──────── SUPPLIED MATERIAL

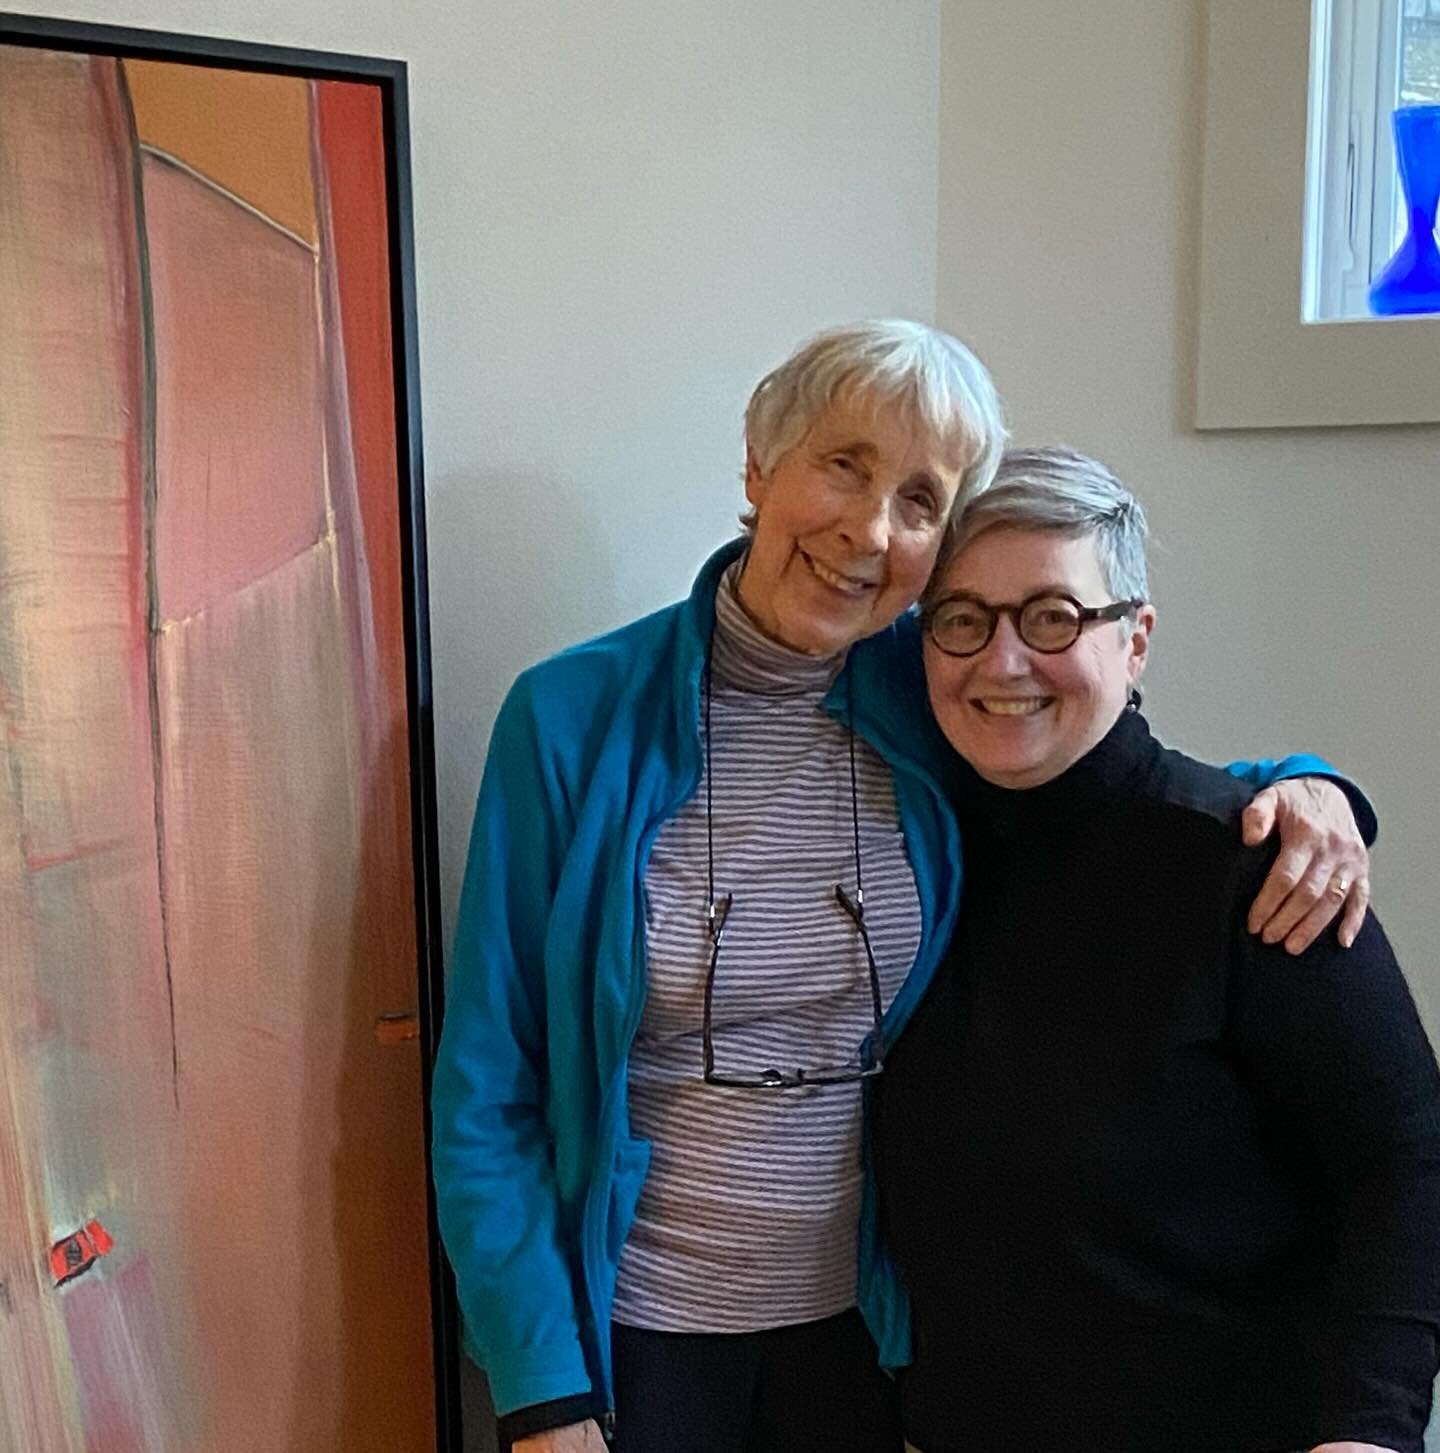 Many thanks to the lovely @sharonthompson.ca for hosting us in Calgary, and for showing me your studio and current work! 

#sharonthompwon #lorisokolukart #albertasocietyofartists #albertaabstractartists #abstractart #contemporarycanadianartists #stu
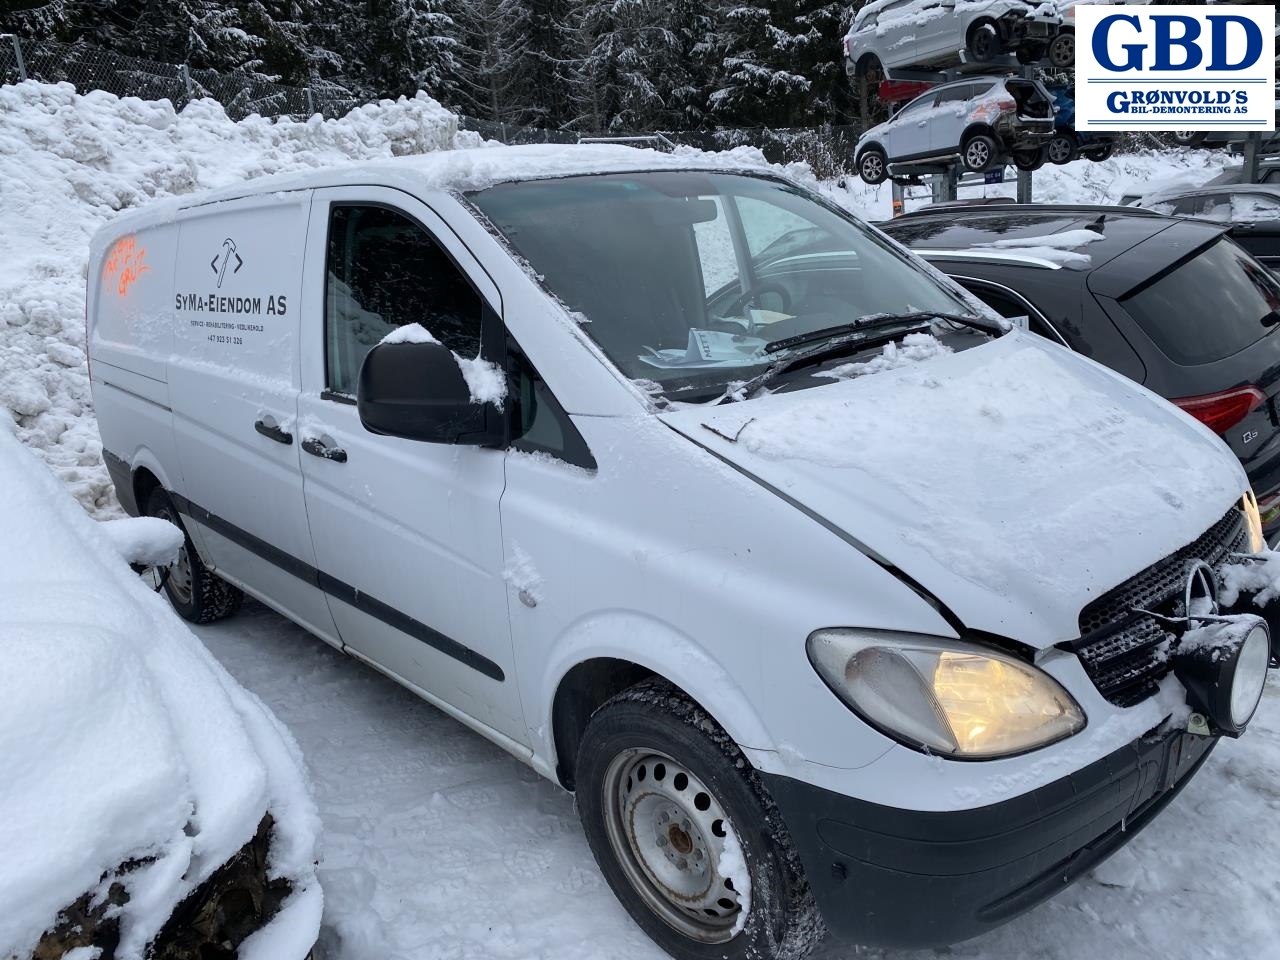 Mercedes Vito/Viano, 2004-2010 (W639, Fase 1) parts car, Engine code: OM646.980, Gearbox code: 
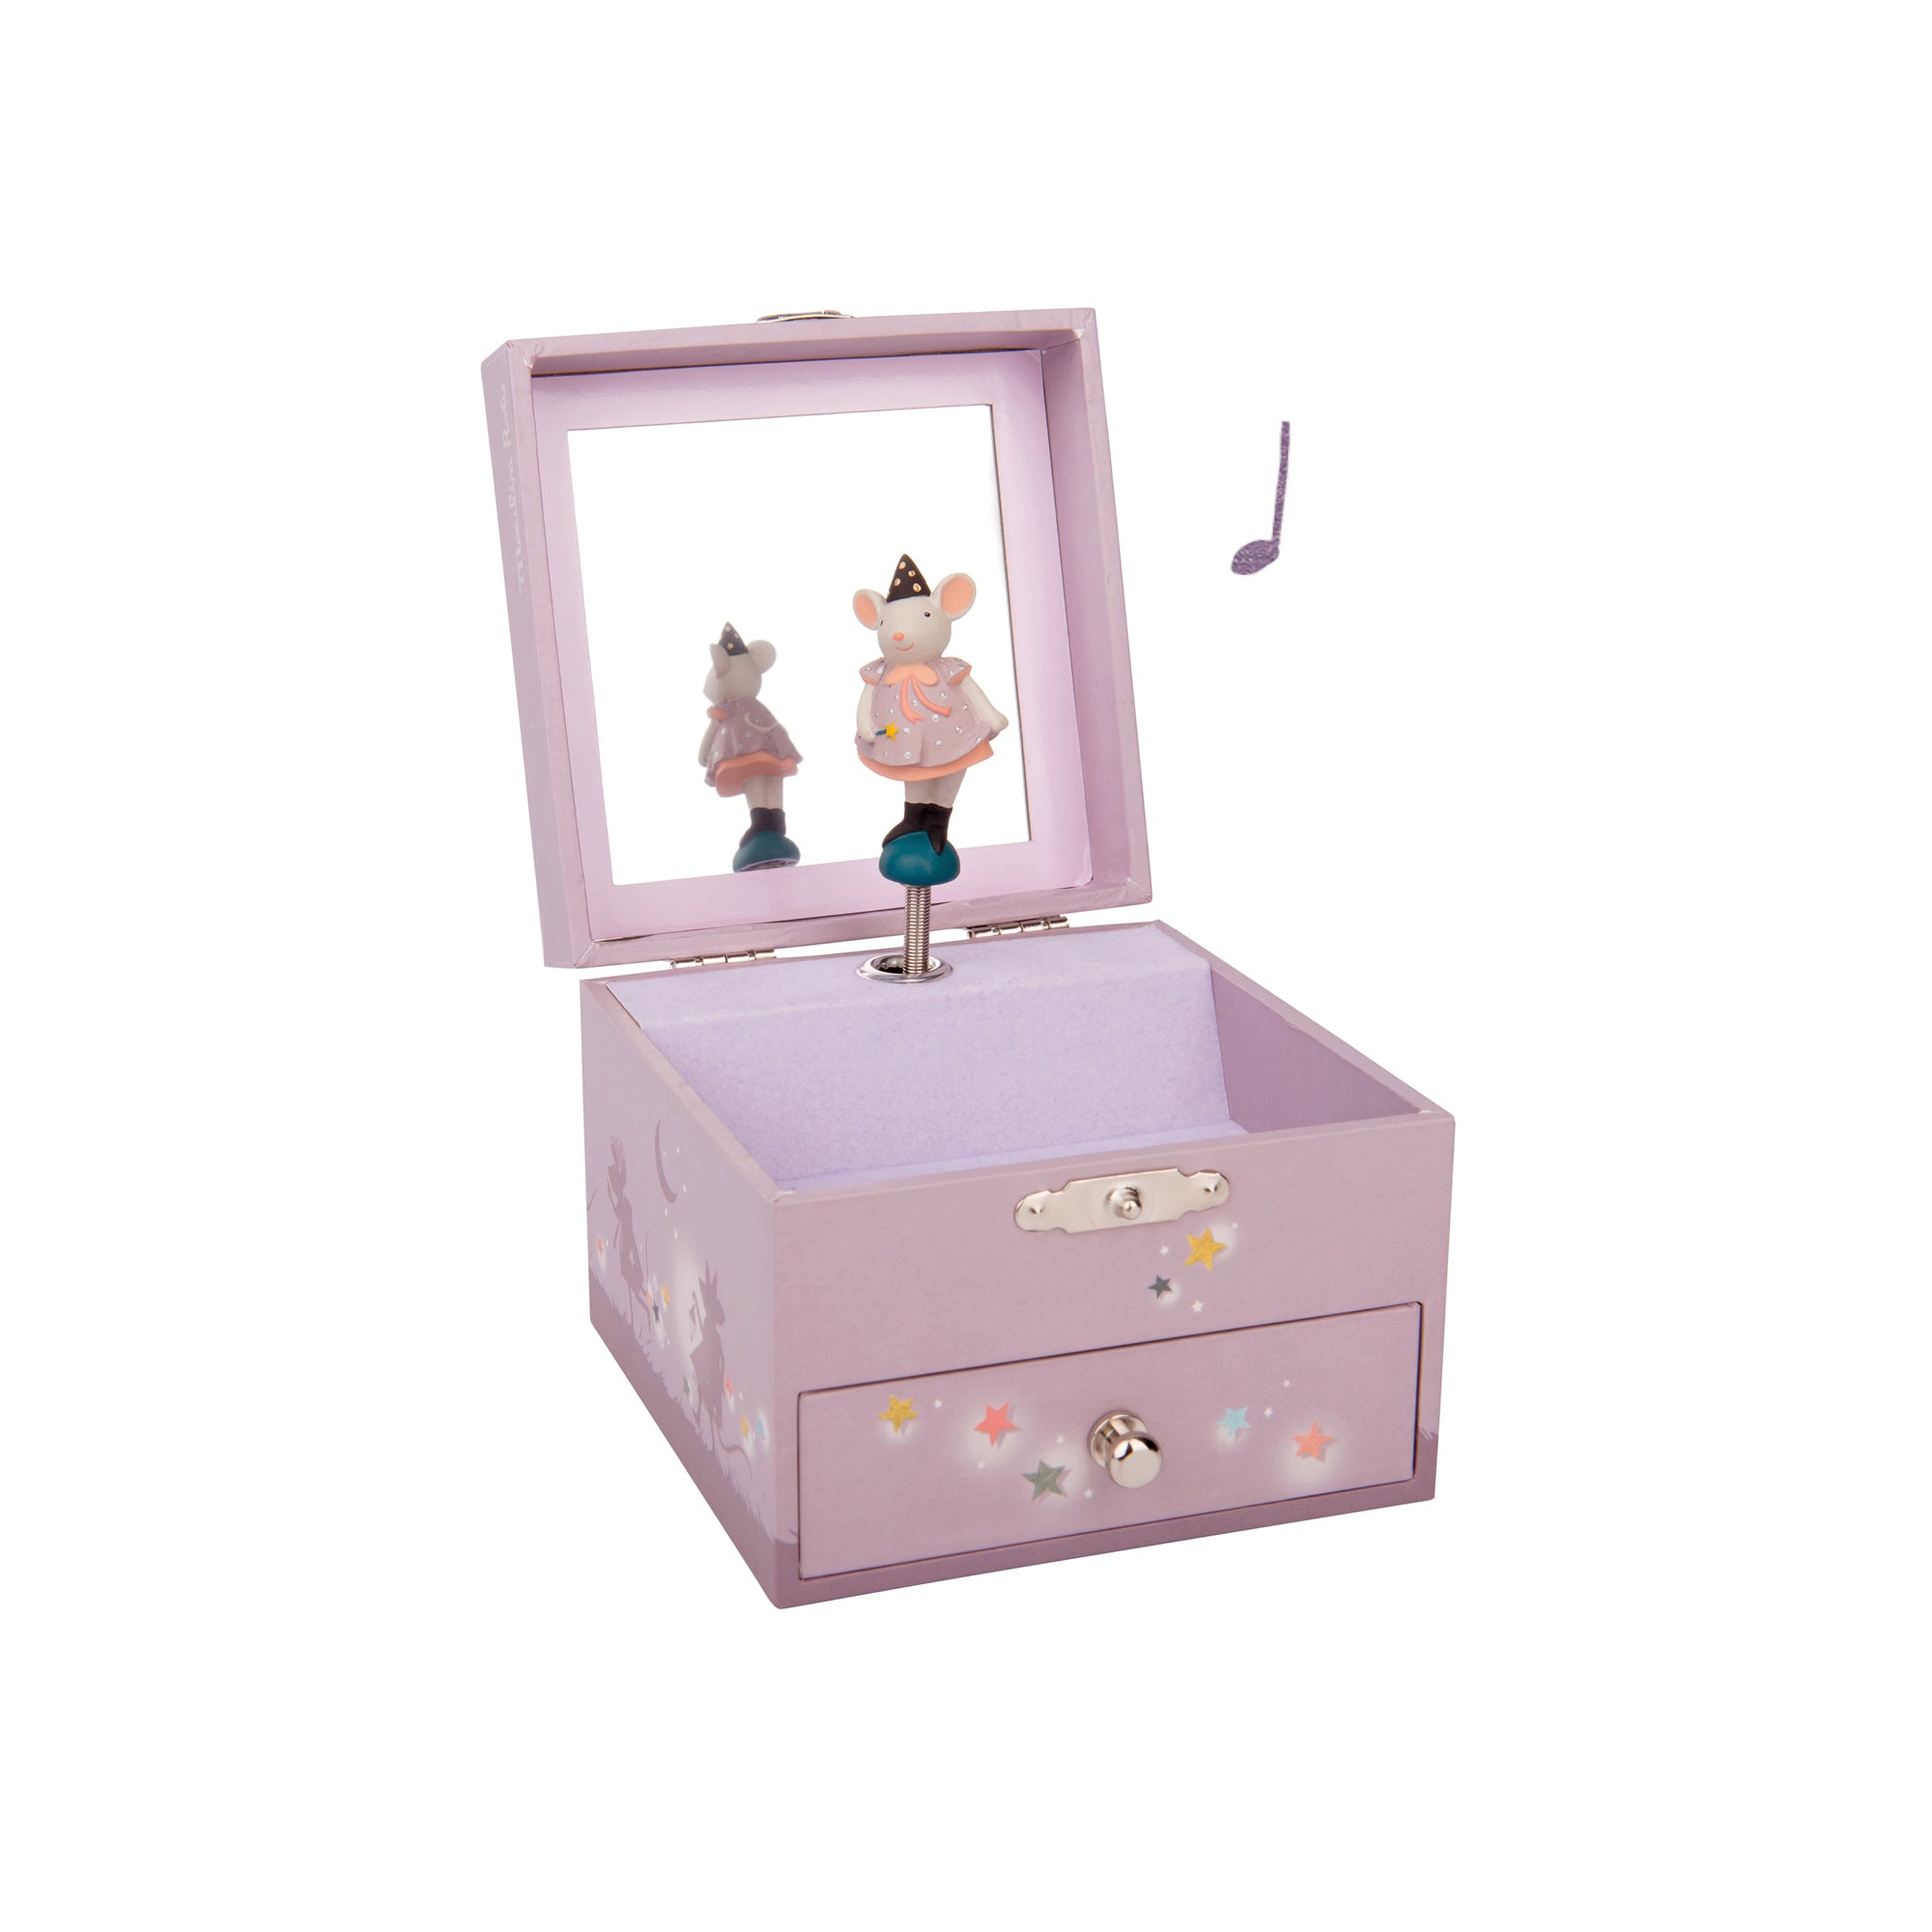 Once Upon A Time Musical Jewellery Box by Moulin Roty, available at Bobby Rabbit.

────────────────

● **WORK INSTRUCTIONS**:
Restate word for word the lines from the one containing "Mercedes Vito/Viano, 2004-2010" through the end of the material above, both included, and nothing besides; drop the pictures.

● **YOUR RESPONSE**:
 Mercedes Vito/Viano, 2004-2010 (W639, Fase 1) parts car, Engine code: OM646.980, Gearbox code: 
 Once Upon A Time Musical Jewellery Box by Moulin Roty, available at Bobby Rabbit.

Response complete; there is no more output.